Fried Egg Cheese-wich (Egg Fast Friendly)

Ingredients

  • 2 eggs
  • 1 tbsp mayonnaise
  • 2 tsp mustard
  • 2 slices cheddar cheese
  • Oil or butter for frying
  • Salt and pepper to taste.

Instructions:

In medium non-stick frying pan, crack two eggs in a couple tablespoons of hot oil or butter. Use a fork to break the yolks before flipping and frying the other side of the eggs. Salt and pepper each side and remove from pan. Fry too slices of cheese until the edges are golden brown. Flip and cook for 10 more seconds. Remove from pan. Cheese should be firm and flexible when hot, but will crisp up as it cools. Spread mayonnaise and mustard on cheese crisps. Sandwich the warm fried eggs between the two cheese crisps and serve.

Nutrition Facts
Servings: 1
Amount per serving
Calories 448
Total Fat 37.7g
Net Carbohydrates 1.6g
Protein 25.5g
*Disclaimer: Nutrition is approximate.
Categories
Breakfast Dessert

Chocolate Cherry Bars

Ingredients:

  • 1 cup flax meal
  • 1 cup almond flour
  • 1 box sugar-free black cherry jello (0.3 oz box)
  • 1/2 cup sugar substitute
  • 1 tsp baking powder
  • 2 eggs
  • 1/2 cup coconut oil
  • 1 tsp vanilla extract
  • 1 tsp almond extract
  • 1/2 cup sugar-free dark chocolate chips (Bake Believe)

Instructions:

Preheat oven to 350°F. Grease a 9x13in baking pan.

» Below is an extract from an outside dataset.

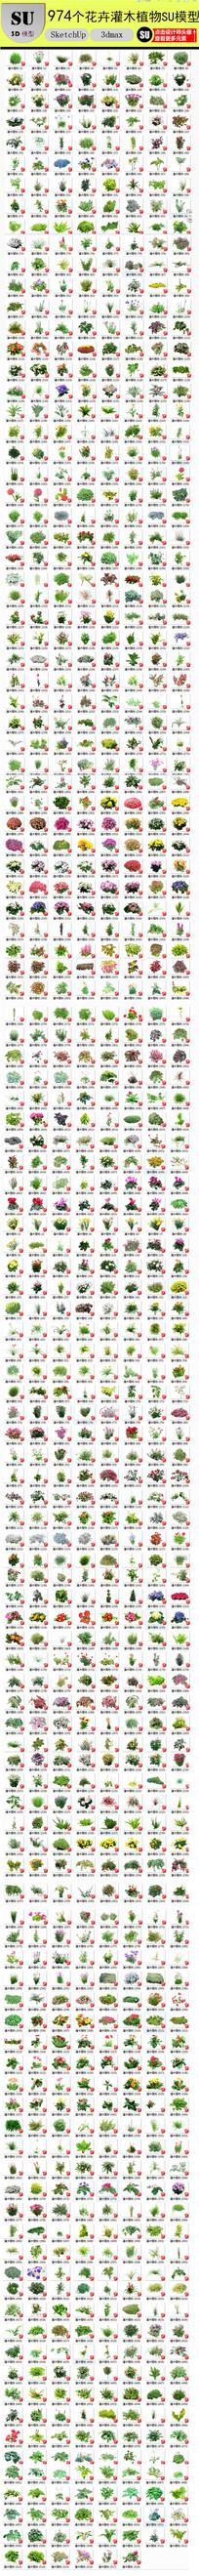 花卉灌木植物组件模型 skp
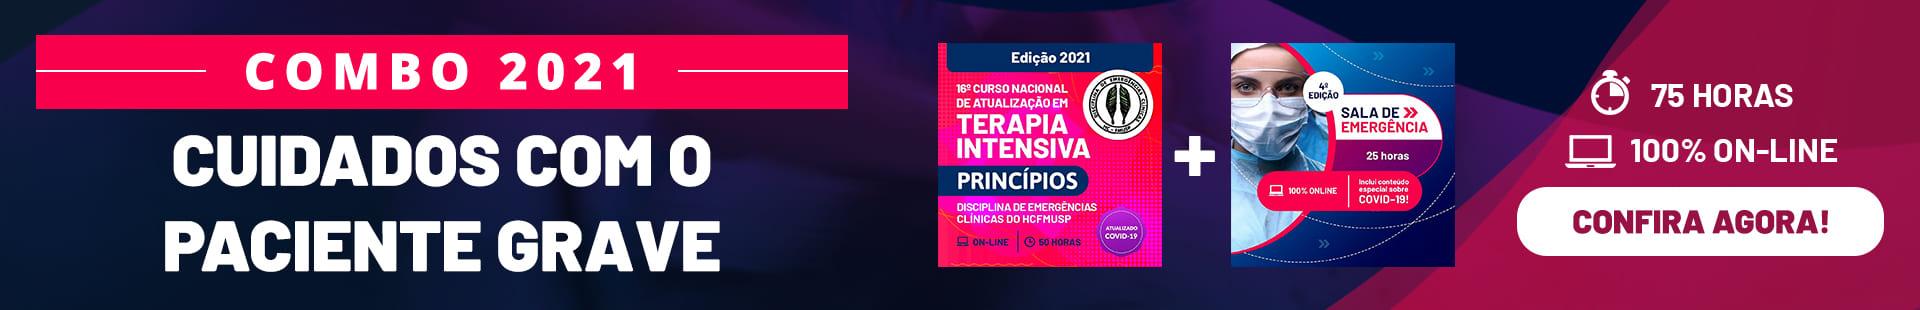 COMBO 2021 CUIDADOS COM O PACIENTE GRAVE

Combine dry ingredients in mixing bowl. Mix in eggs, melted coconut oil, vanilla extract, and almond extract. Add chocolate chips, or save for melting into a chocolate drizzle. Mix until thoroughly combined. Press dough into prepared pan. Bake for 15-20 minutes. The edges of the bars should be lighty golden, and a toothpick inserted in the center should come out clean. Let cool before cutting into bars, and drizzling with melted chocolate chips.

Nutrition Facts
Servings: 26
Amount per serving
Calories 85
Total Fat 8g
Total Carbohydrate 0.5g
Protein 2g
Disclaimer: Nutrition is approximate.
Categories
Breakfast Dessert

Cranberry Orange Bars

Ingredients:

  • 3/4 cup coconut flour
  • 1 cup Erythritol
  • 1 package sugar-free instant vanilla pudding mix (1 oz)
  • 1 tsp baking powder
  • 1/2 cup melted butter
  • 1 tsp vanilla extract
  • 3 eggs
  • Grated orange peel, from one orange
  • 1 cup fresh cranberries

Instructions:

Preheat oven to 350°F. Grease a 9×13 pan. In a mixing bowl, combine all dry ingredients. Melt butter and pour into dry ingredients. Mix in vanilla extract, orange peel, and eggs. Once combined, stir in fresh cranberries. Press cookie dough into prepared pan and bake for 30 minutes, until the edges are lightly golden and a toothpick inserted in the center comes out clean. Let cool and slice into 18 bars.

Nutrition Facts
Servings: 18
Amount per serving
Calories 67
Total Fat 3.1g
Net Carbohydrates 4.5g
Protein 2.9g
Disclaimer: Nutrition is approximate.